Quand le silence se fissure à Berlin: des diplomates allemands prennent position sur Gaza

Par Elyes Ghariani. Ancien Ambassadeur - C’est un geste rare, presque inédit dans la tradition politique allemande. Dans une tribune publiée récemment sous le titre «So kann es nicht weitergehen in Gaza» («On ne peut pas continuer ainsi à Gaza»), un groupe de diplomates et de hauts fonctionnaires allemands s’adresse à l’opinion publique avec des mots inhabituels de gravité. Ils expriment leur trouble face à la manière dont l’Allemagne gère sa position vis-à-vis du conflit à Gaza — et soulignent que cette inquiétude est largement partagée au sein des institutions : «Cette situation et la position allemande à son égard inquiètent non seulement nous, les auteurs, mais aussi de nombreux fonctionnaires du gouvernement fédéral.»
(Diese Situation und die deutsche Positionierung hierzu besorgen nicht nur uns, die Autoren, sondern [...] auch viele Beamte in der Bundesregierung.)
La tribune débute par un rappel du massacre perpétré par le Hamas le 7 octobre 2023, qui a causé près de 1 200 morts en Israël et l’enlèvement de centaines d’otages. Cet acte est fermement condamné.
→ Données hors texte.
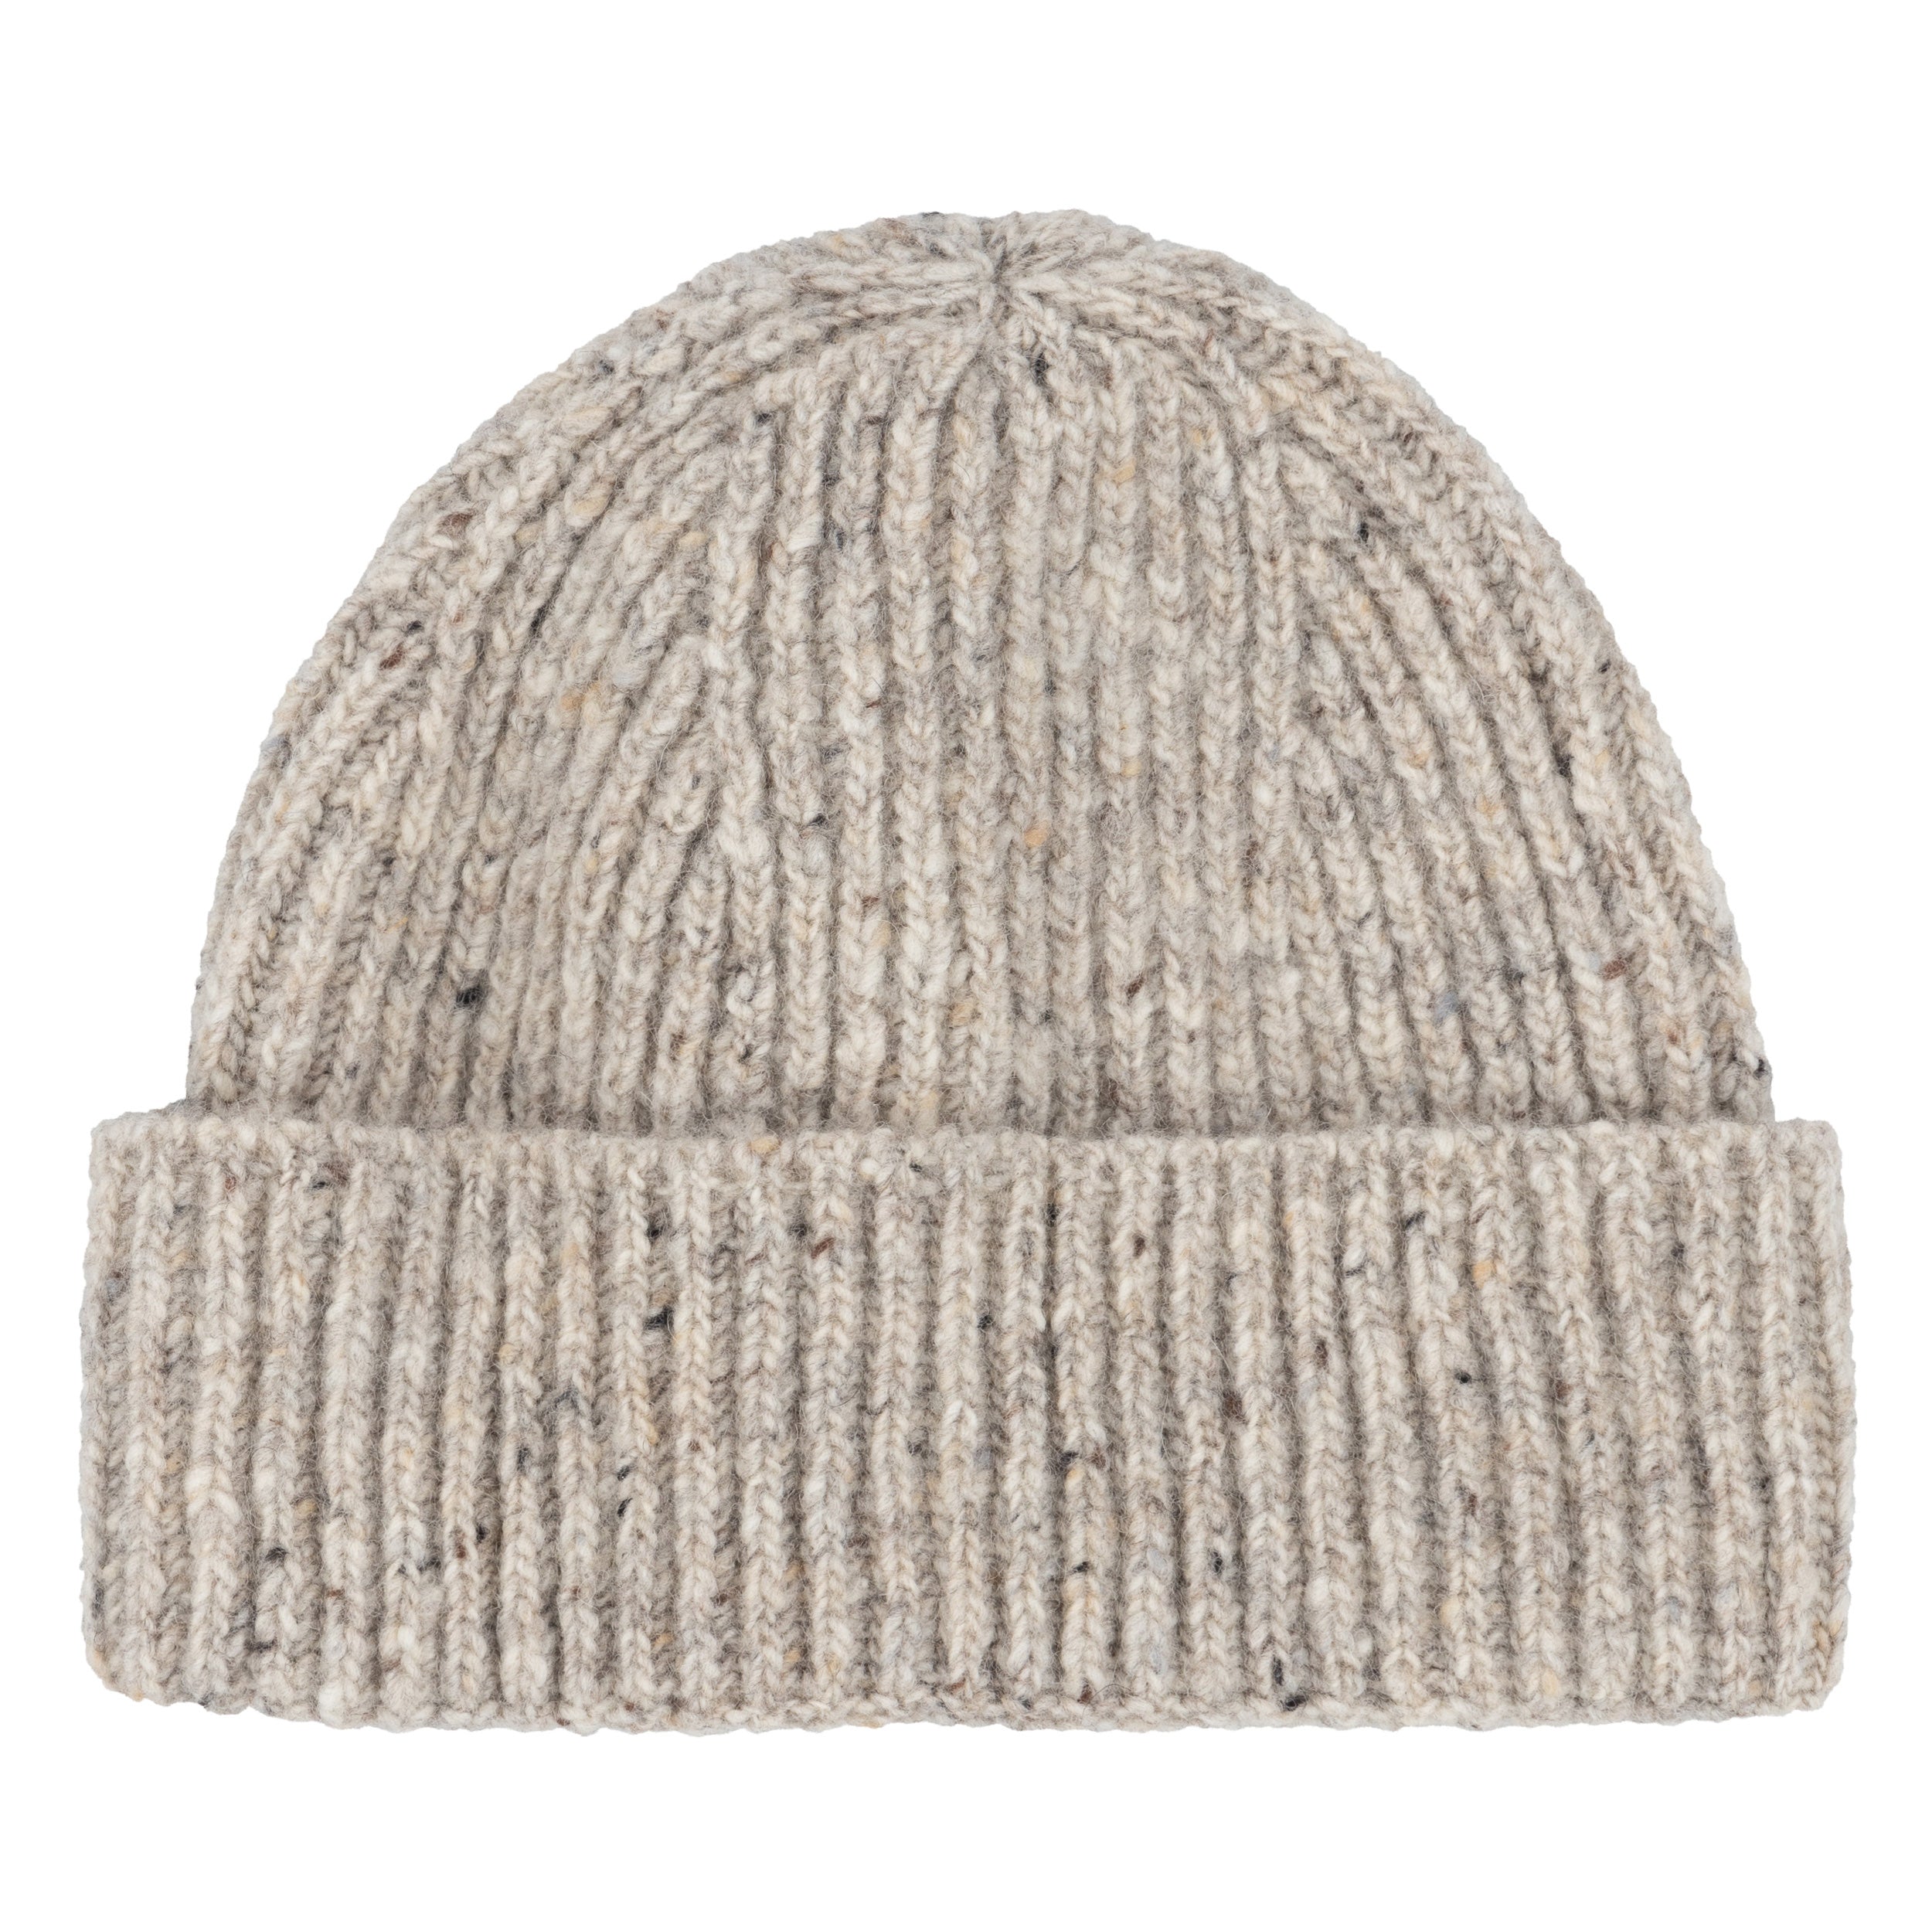 Carrier Company Donegal Wool Hat in Pale Grey

Mais très vite, les auteurs alertent sur le caractère disproportionné de la riposte israélienne, qu’ils estiment lourde de conséquences humaines et politiques.
Ils écrivent : «La réaction israélienne a causé la mort de dizaines de milliers de personnes, empoisonne des générations entières avec la haine, et porte gravement atteinte aux intérêts sécuritaires d’Israël.»
(Die israelische Reaktion brachte Zehntausenden Menschen den Tod, infiziert ganze Generationen mit Hass und fügt Israels Sicherheitsinteressen massiven Schaden zu.)
Ce constat, formulé par des diplomates de carrière, marque un tournant dans le discours officiel allemand. Il ne s’agit pas d’un rejet de la solidarité historique entre l’Allemagne et Israël, mais d’une volonté d’en redéfinir les contours. Les auteurs rappellent que cette solidarité est fondée sur une responsabilité morale issue du passé, mais que cette responsabilité ne saurait justifier une politique aveugle.
Ils disent: «Avec le fardeau de la Shoah, nous, Allemands, portons une responsabilité morale particulière envers Israël et envers l’humanité. Nous devons nous engager pour l’un comme pour l’autre.»
(Mit der Bürde des Holocausts tragen wir Deutsche eine besondere moralische Verantwortung für Israel und die Menschlichkeit. Für beide einzutreten [...] muss unser Anspruch sein.) Ils ajoutent une critique implicite de la ligne actuelle du gouvernement: «Un soutien inconditionnel est une amitié mal comprise, car elle ignore des pans entiers de la société israélienne.» (Ihre bedingungslose Unterstützung ist falsch verstandene Freundschaft, weil sie wichtige Teile der israelischen Gesellschaft ignoriert.)
Par ces mots, les auteurs rappellent que la société israélienne elle-même est traversée par des divisions profondes, et que de nombreuses voix critiques s’élèvent aussi en Israël contre la guerre à Gaza. En appelant à «soutenir les Palestiniens prêts à la paix » (den friedensbereiten Palästinensern).
La tribune invite à sortir d’une logique binaire et à replacer la recherche d’une solution politique au cœur de l’action diplomatique.
Ce texte est bien plus qu’une opinion isolée. Il reflète un malaise grandissant dans les sphères administratives et diplomatiques en Europe, face à une guerre longue et coûteuse sur les plans humain, éthique et géopolitique. En Allemagne, où la politique à l’égard d’Israël a longtemps été perçue comme intangible, cette tribune marque une rupture. Elle exprime le besoin de conjuguer fidélité historique et lucidité stratégique, solidarité morale et respect du droit humanitaire.
Pour les opinions publiques du monde arabe, habituées à voir les capitales européennes soutenir Israël sans réserve, ce geste n’est pas sans portée. Il ne s’agit pas d’un revirement politique, mais d’un signe. Un signe que les lignes bougent, que le débat existe, et que même au cœur de l’Europe, certains appellent à replacer l’humain, la paix, et la responsabilité au centre du discours.